I think we have to look at that in its context. He was supposing this as a method of personal inquiry for impermanence.
The Buddha is just asking us to look and see “at this one time, I was feeling pain, but at the other time, I was feeling pleasure, there was no pain at that time, so clearly my feelings completely transform from one thing to another, so they are impermanent, and not worth holding on to.”
What immediately follows the quote about feelings is this:
Pleasant, painful, and neutral feelings are impermanent, conditioned, dependently originated, liable to end, vanish, fade away, and cease.
Seeing this, a learned noble disciple grows disillusioned with pleasant, painful, and neutral feelings. Being disillusioned, desire fades away. When desire fades away they’re freed. When they’re freed, they know they’re freed.
I believe this is the extent of the purpose of him mentioning this principle, it isn’t to lay out a universal, philosophical principle that makes sense in every context. This is also typical of the MN suttas which tend to dive a little further than most know into specific topics.
Even The Buddha said that he does this in MN59:5.2
Ānanda, the explanation by the mendicant Udāyī, which the chamberlain Pañcakaṅga didn’t agree with, was quite correct. But the explanation by Pañcakaṅga, which Udāyī didn’t agree with, was also quite correct. In one explanation I’ve spoken of two feelings. In another explanation I’ve spoken of three feelings, or five, six, eighteen, thirty-six, or a hundred and eight feelings. I’ve explained the teaching in all these different ways.

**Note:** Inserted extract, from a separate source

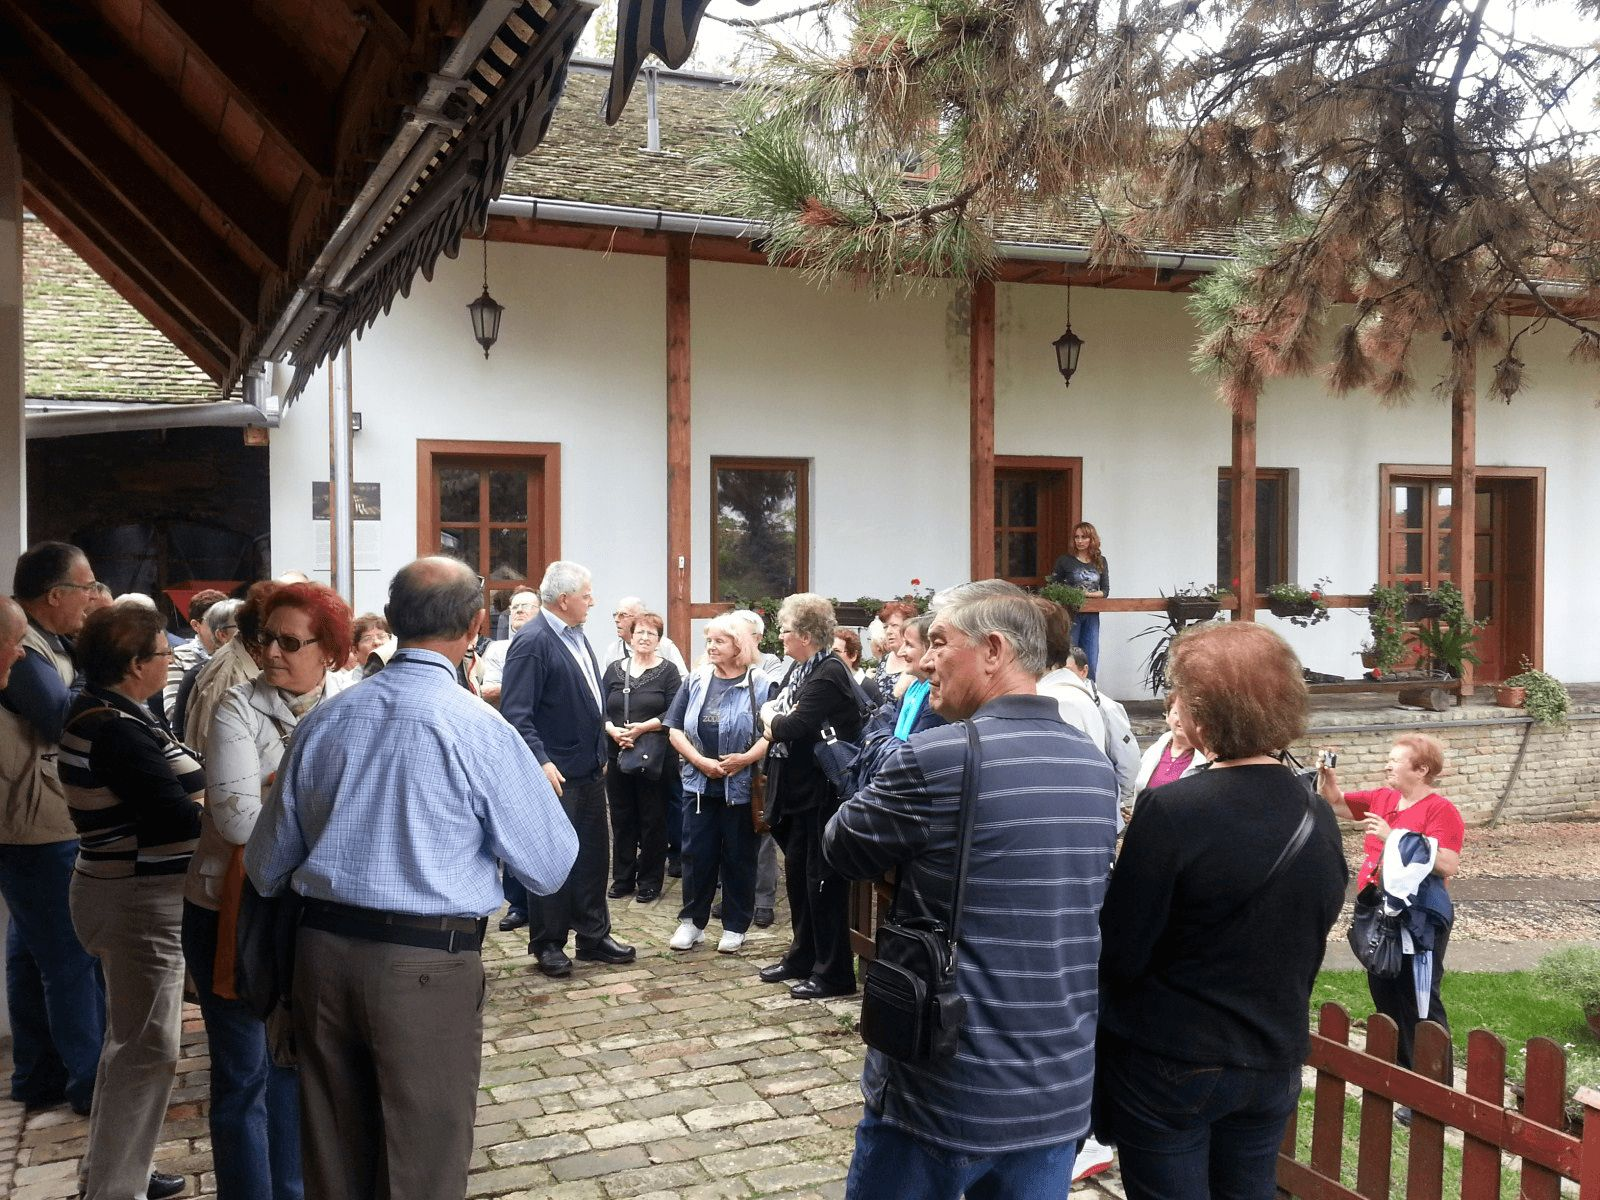 Beograd i Vojvodina: Sremski Karlovci: Muzej meda i vinarija Živanović

Let’s use this model and say feelings can happen at the same time in all the ways people in this thread have cited. When they change altogether from both tasting cake and shame to spiritual pleasure and back pain, clearly feelings are still impermanent. When you focus on one part of your vision, but the peripheral areas are still sensing, both these areas are still subject to impermanence, which is within the bounds of the main point of the original quote. What really matters is whether you hold on to feelings, believing that they will last. Finding technical logical contradictions whether philosophically or in meditation experience is drawing away from the point, which you could see as a small reflection or explanation that he made for the sake of helping the audience see the direction of the path to awakening.